Police confirmed the Mo brothers sold 1,011 copies of the software online.
In addition, they worked with ticket scalpers to horde train tickets, and in return, profited by at least 50 yuan ($8) on each train ticket, Beijing News quoted police as saying.
Police found that the gang used the software and booked nearly 4,000 train tickets.
Police have confirmed that 1,777 train tickets were sold on at a much higher price to passengers, netting 1.4 million yuan, the Beijing News reported.
The Mo brothers are now being held in Urumqi, capital of the Xinjiang Uygur autonomous region, said Li Xiujiao, Mo's lawyer, on his micro blog on Thursday.
Mo was accused of destroying the official ticket system, scalping tickets and providing false evidence to police. Li disputed the basis of the first charge as the software was not a virus, he said.

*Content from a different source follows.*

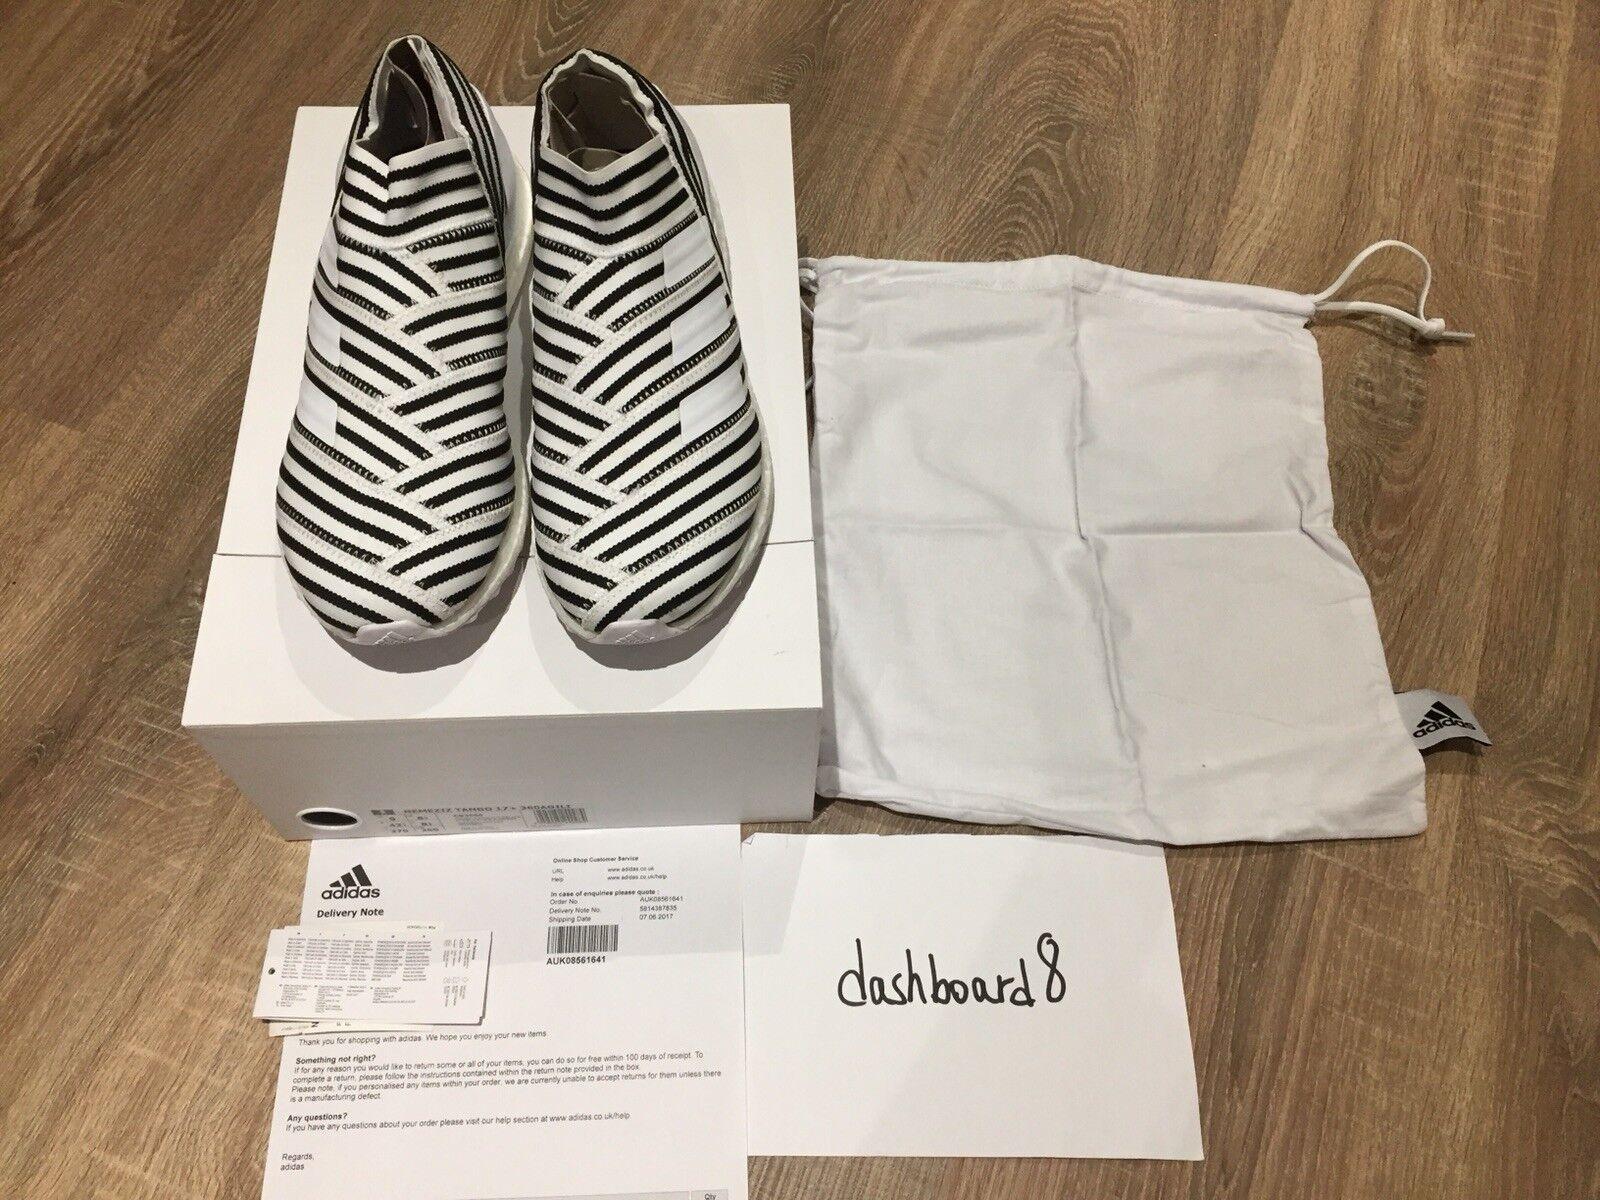 Adidas NEMEZIZ TANGO 17+ 360 AGILI UK8.5 Occasion 9 10

Train ticket software has been a source of controversy since the Spring Festival travel rush started on Jan 26.
Some designers said they developed it to save people the trouble of sitting by the computer for hours and continually trying to get tickets on the official website.
The Railways Ministry said the software might paralyze the website and gives some people an unfair advantage.
Some of the software designers said they received a notice in January from the Ministry of Industry and Information Technology, which urged software developers to ensure security and to not do anything that may cause the system crash, according to media reports.
Li believed that developing ticket software does not break any law, and Mo should not be punished.
Zhao Zhanling, an expert of China University of Political Science and Law, also believes that it was not right to accuse Mo of destroying the computer system.
Zhao was quoted by the Beijing News as saying that Mo's software did not damage the official ticket system owned by the Ministry of Railways, since "the software is not one of those programs that can destroy computer systems with a virus".
But it was illegal for the Mo brothers to sell the software without a valid license issued by the authorities, he said.